The shortest days of the year are here. In my family’s Scandinavian tradition, TODAY, December 13 is Santa Lucia Day. According to legend, she brought food and aid to Christians hiding in the catacombs in the third century. In the annual holiday festivals, Lucia is represented by a blonde girl in a white dress with a red sash who wears a crown of candles on her head to bring light to the long dark winter.
The solstice will occur at 4:44 am on Wednesday, December 21. Then, as the days begin to lengthen, the cold strengthens.
In the cold months when the days are shorter, we need to sleep more. Twelve hours of sleep during the shortest days of the year is recommended. Yes, really. Sleep is seasonal and it’s only natural.
Failing to get enough sleep heightens the risk for a variety of major illnesses, including cancer, heart disease, diabetes, and obesity, according to findings from the Harvard Nurses’ Health Study. Contrary to popular misconception, you cannot make up sleep you lose, reports the National Sleep Foundation.

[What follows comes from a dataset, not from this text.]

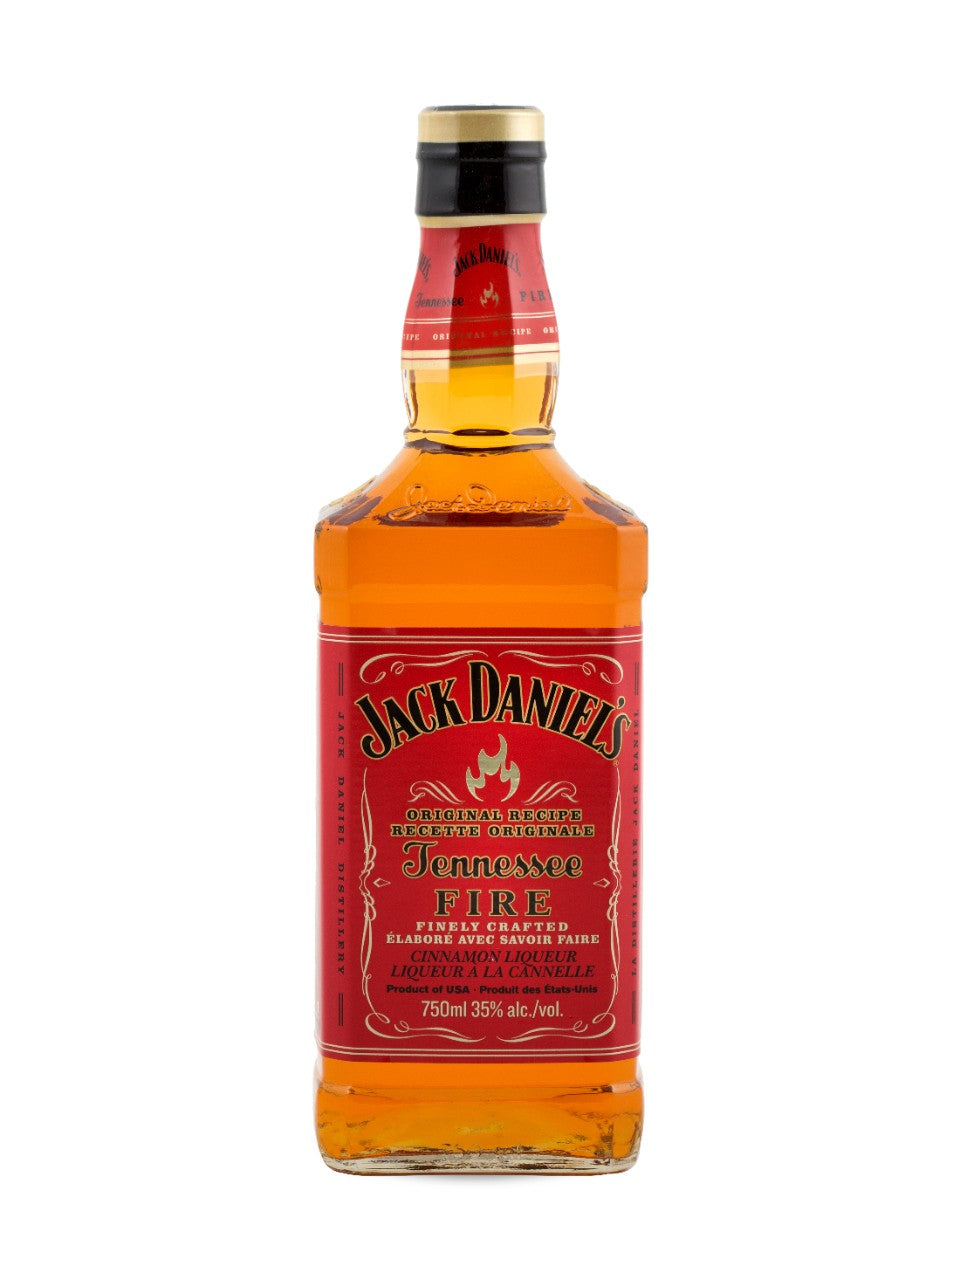 Jack Daniel's Tennessee Fire 750 ml bottle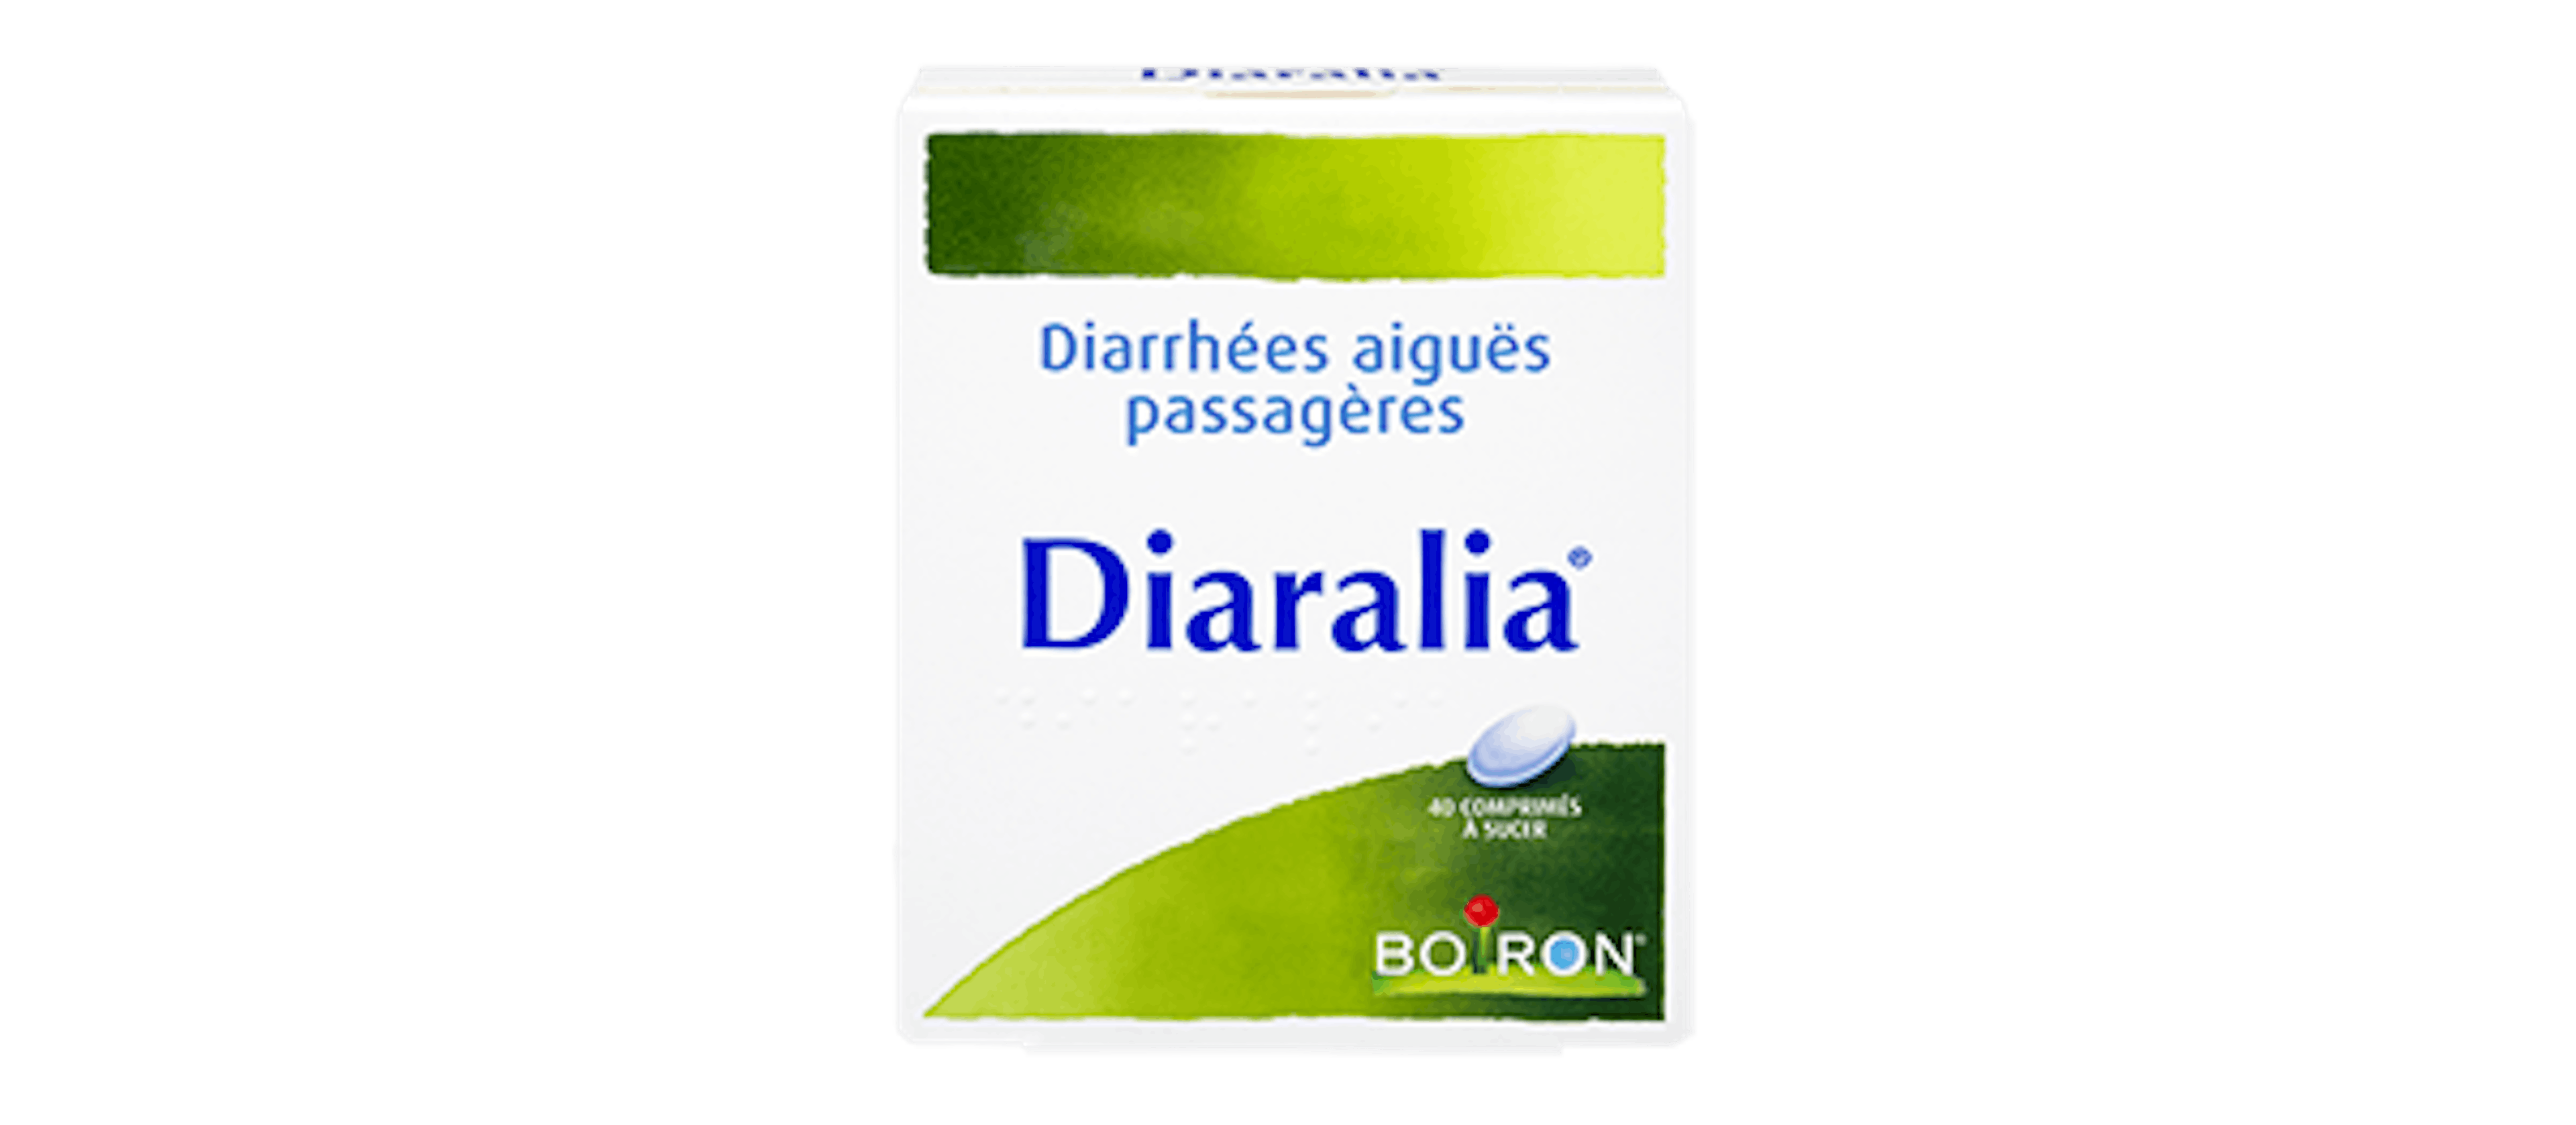 Homéopathie diarrhées aiguës - Diaralia® Boiron

Many of us deprive ourselves of sleep to the point where it is dangerous to drive, according to studies by the Federal Highway Administration’s Turner-Fairbank Highway Research Center. We push ourselves to the limits during this hectic time of year right when our mammalian bodies want to hibernate.
Sleep is the body’s restorative process. It’s inexpensive preventative health care. It is when we are too tired that accidents happen, mistakes are made, and we tax our immune systems. We make ourselves more vulnerable to germs and viruses.
The body’s way of conserving energy during winter is sleep and this can mean a savings to your electric bill. If you are awake primarily in daylight hours and asleep for most of the hours in darkness, then you’re consuming less energy. It’s hard for us to imagine what it was like before electricity became widely available. When the Rural Electrification Act of 1936 passed, electricity became accessible to rural folk at the same price as city people paid. Night turned into day. And a “day” became three eight-hour work shifts.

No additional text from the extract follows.